All right then, the Lord himself will give you the sign. Look! The virgin will conceive a child! She will give birth to a son and will call him Immanuel (which means ‘God is with us’).                                                                         Isaiah 7:14

It doesn’t matter whether the interruptions are filled with joy or sorrow, Jesus is still present, for He cannot deny His very name.  He is Immanuel, God with us.  Every day, in every situation.

I always feel a little strange on New Year’s Day.  It is a bit sad that another whole year has passed.  Did I make the most of it?

And it is a bit strange to wonder what joys and sorrows lay ahead in the coming months.  Yet all the while I know that Jesus is Immanuel and will be with me every step of the way.

This year, let’s embrace the joyful interruptions that God brings our way.  Even while writing this, I was presented with a joyful interruption that led to a movie date with my three-year-old princess.  Sadly, there have been times that I would have missed an opportunity like that for seeing it as an inconvenient interruption.

And this year, if troublesome or even tragic interruptions come your way, know that He is, and always will be, Immanuel.

The first day of Mont’s bed rest, we determined that 10 days of rest could actually be a blessing.  As we end those days, I see them as just that.  A blessed interruption.

No matter what, know that this year, and every year, God is with you.

Merry Christmas and Happy New Year!

Update 2014:

Strange that a year has passed.  Mont’s eye injury is completely healed.  It has been a great year, filled with many wonderful, joyful changes.  Yes, there have been troublesome times, as well, but that is for another day.

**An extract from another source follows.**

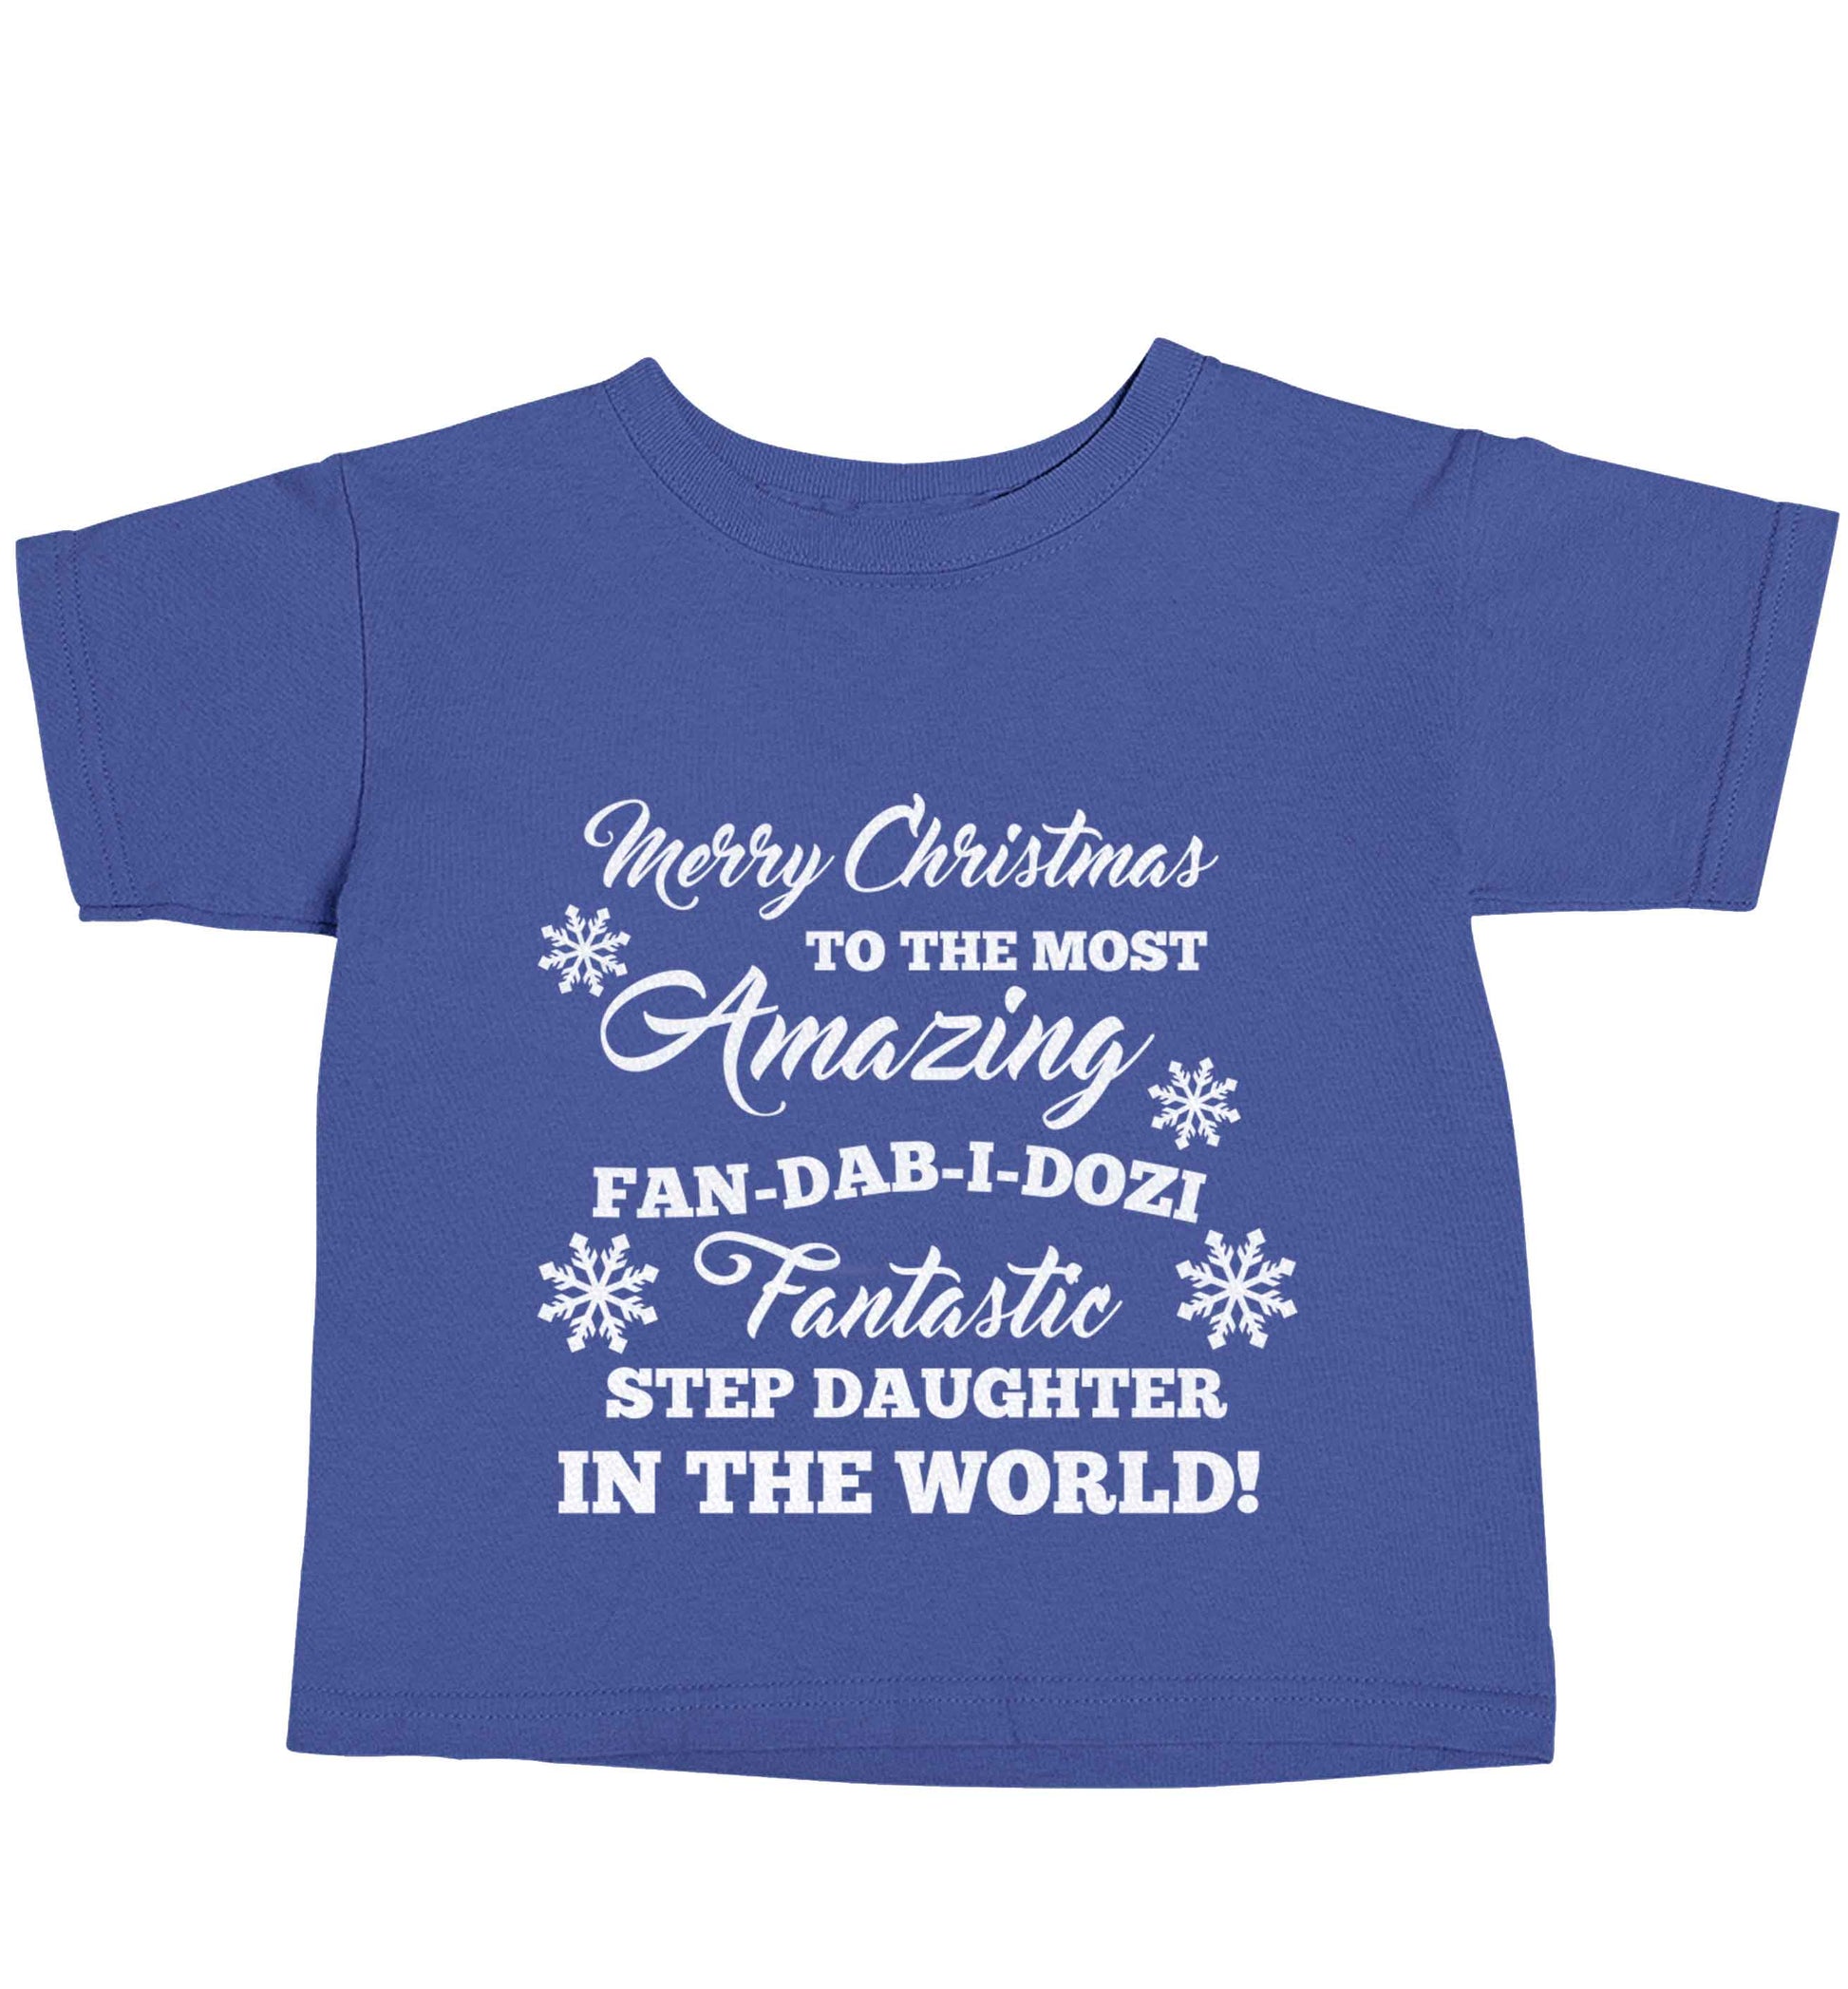 Merry Christmas to the most amazing fan-dab-i-dozi fantasic Step Daughter in the world blue baby toddler Tshirt 2 Years

I saw the family of the fallen police officer recently.  I have prayed for them so much lately, and I know that this year anniversary, along with the bitter/sweet of the Christmas season, has got to be tough.  Let’s don’t forget others, friends.  Let’s don’t forget that the holidays can be anything but joyous for some.  Let’s reach out with love and prayers and help.  And let’s pray that they can feel the presence of the One who can to heal the brokenhearted, the One who will never leave or forsake, the One who brings light and comfort in this dark world.  That is the real deal, folks.  That is why we celebrate Christmas.  Merry Christmas to each of you.